Минувшее, 10
На разных ярмарках и других событиях в Послограде меня просили рассказать об иммере. Я показывала голографические и другие изображения из тех времён, которые я провела снаружи, якобы для детей, хотя в аудитории всегда хватало и взрослых. В иммере и раньше, и сейчас полно предателей и беженцев. Они появляются, где могут, и творят всё, что может сойти им с рук. Про них и были мои истории. В своё время я возила что угодно куда угодно: драгоценности; страдающий болезнью полётов скот; контейнеры с органическими отходами на планету-помойку, где есть всего одно государство, управляемое пиратами. Но лучшее я всегда приберегала на самый конец, когда включала слайд-шоу фароса, который отмечает границу познанного всегда: здесь, у самой Ариеки. Я показывала его сквозь разные фильтры, и, наконец, ставила стилевой фильтр, который превращал его в маяк, свет во мгле.
— Видите? Вот это он. Он прямо здесь. За нами зона, не нанесённая на карты. Мы живём у края света. — Меня всегда изумляло, как людям не надоест испытывать одно и то же возбуждение и страх. Но на этот раз, для Праздника Вольностей, моё присутствие не потребовалось.
— Что произошло между тобой и КелВин? — спросила меня Эрсуль. Я не сказала ни ей, ни остальным.
Микроклиматы над городом и Послоградом устанавливались в соответствии с каким-то сложным алгоритмом, который я так и не удосужилась расшифровать. Меня всегда очаровывали планеты, зависимые от наклона своей оси, где времена года были более или менее предсказуемы. В Послограде я, конечно, всегда обращала внимание на то, какая стоит погода, но никогда ничего от неё не ждала.
Теплело. По всей видимости, приходила пора лета.
Я пошла на Праздник Вольностей одна. Поняв, что Эрсуль ждёт от меня приглашения, я вынуждена была ей отказать. По её молчанию я поняла, что обидела её или вызвала сбой стандартной подпрограммы её тюрингского софта, отчего и возникло такое впечатление. Но я не могла быть там с кем-то. Я не собиралась её наказывать — Эрсуль уже не раз приходилось обиженно молчать за последнее время, — но мне необходимо было быть одной в тот миг, когда что-то произойдёт. А в том, что оно произойдёт, я не сомневалась так же, как не сомневалась тогда, что это будет последняя глава.
На празднике были комнаты для игр, залы для еды, массажные салоны, места для секса; были зоны, оборудованные специально для Хозяев.
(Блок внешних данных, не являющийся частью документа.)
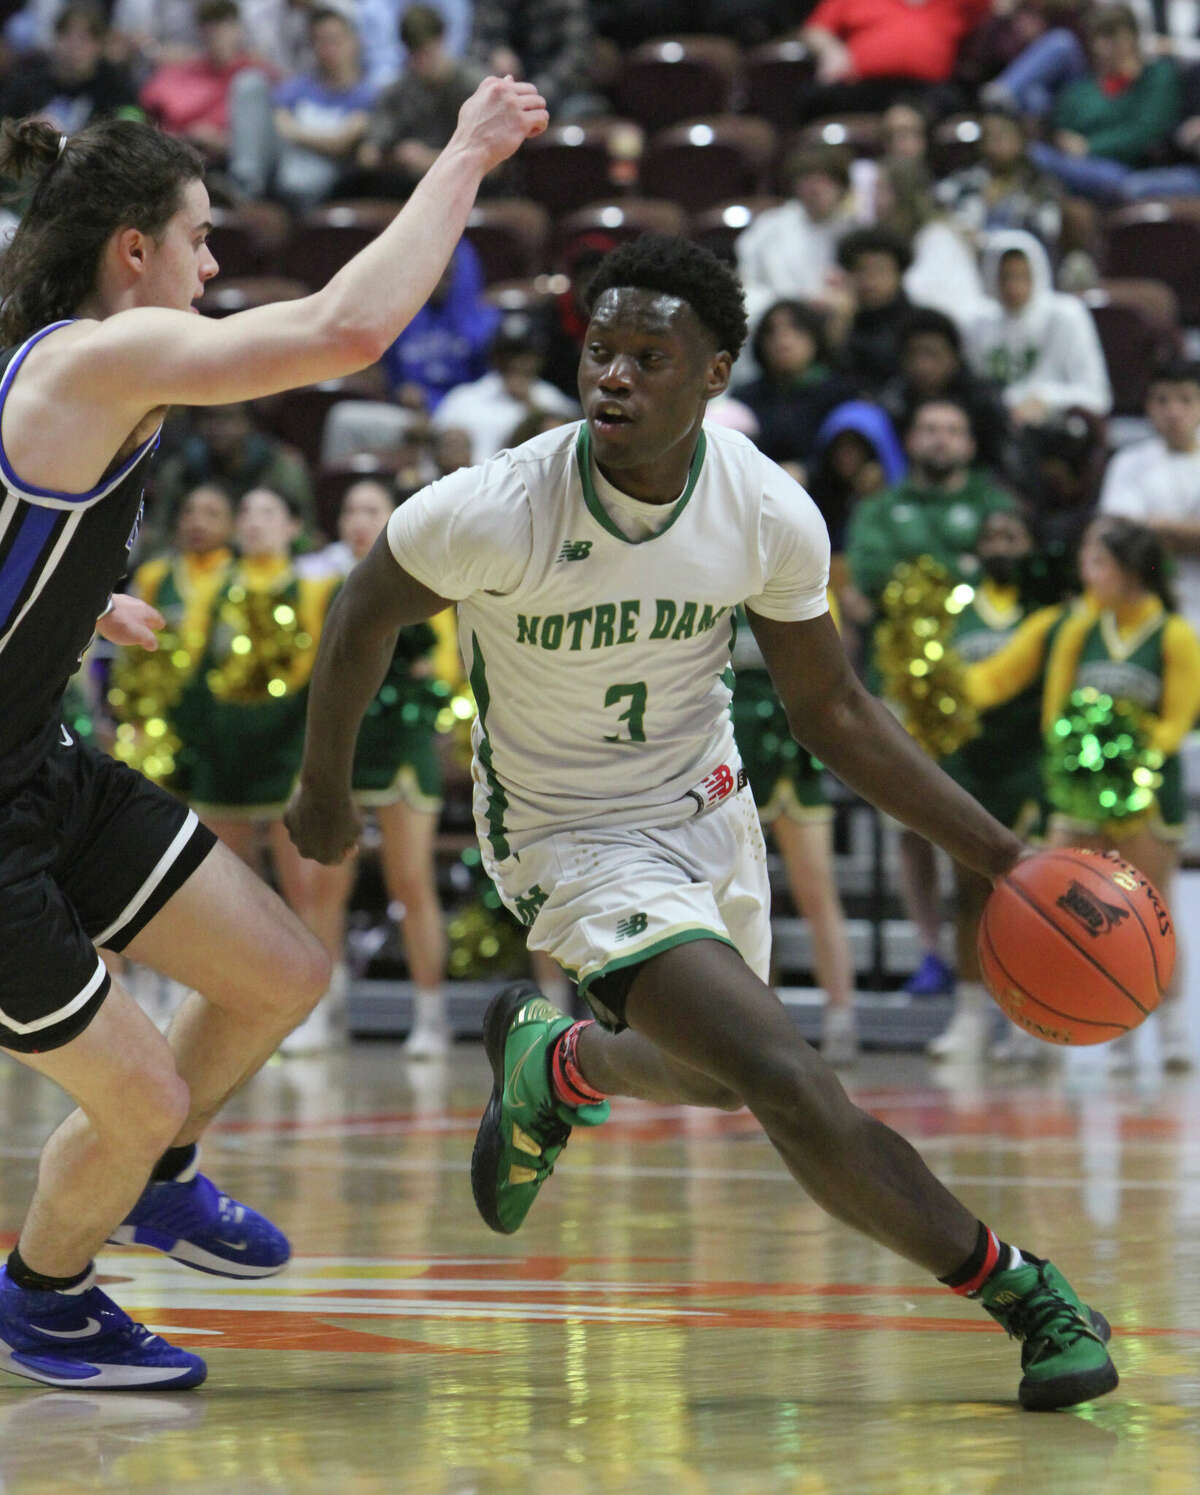 Notre Dame-West Haven's Mekhi Conner drives against East Catholic during the CIAC 2022 State Boys Basketball Tournament Division I Finals at the Mohegan Sun Arena on March 20, 2022 in Uncasville, Connecticut. East Catholic won 50-49.

Они стекались туда толпами, получив информацию по своим сетям, работавшим наподобие городских глашатаев, которые мы помогли автоматизировать. Я ещё никогда не видела в Послограде столько Хозяев.
На улицах было полно предсказателей будущего и актёров. Голографические карикатуры на прохожих вспыхивали и тут же исчезали. Мы прошли через зону безопасности: сначала сквозь терратехнические металлодетекторы и энергетические потоки, потом через биологический просцениум, который принюхивался, пока мы шли, не выдаст ли нас запах составляющих оружия. В толпе мелькали констебли.
К ночи люди и кеди ещё больше напились или обкурились. Дети носились с поручениями как сумасшедшие. Внутрь забрели автомы. Я видела стручок взрослых шурази и одинокого паннегетча, бросающего кости. Хозяева наблюдали за нашей игрой в деньги. Они смотрели, не отрываясь, как туристы, вслушивались в песенки, которыми сопровождалась игра, приятно возбуждённые их мелодиями. Скайла нигде не было.
По-моему, ариекаи никогда не понимали нашего пристрастия к симметрии и всякого рода точкам отсчёта, вроде солнцестояния или полдня. Но Праздник Вольностей был затеян не только для них, но и для нас, и потому в полночь начался Фестиваль Лжецов.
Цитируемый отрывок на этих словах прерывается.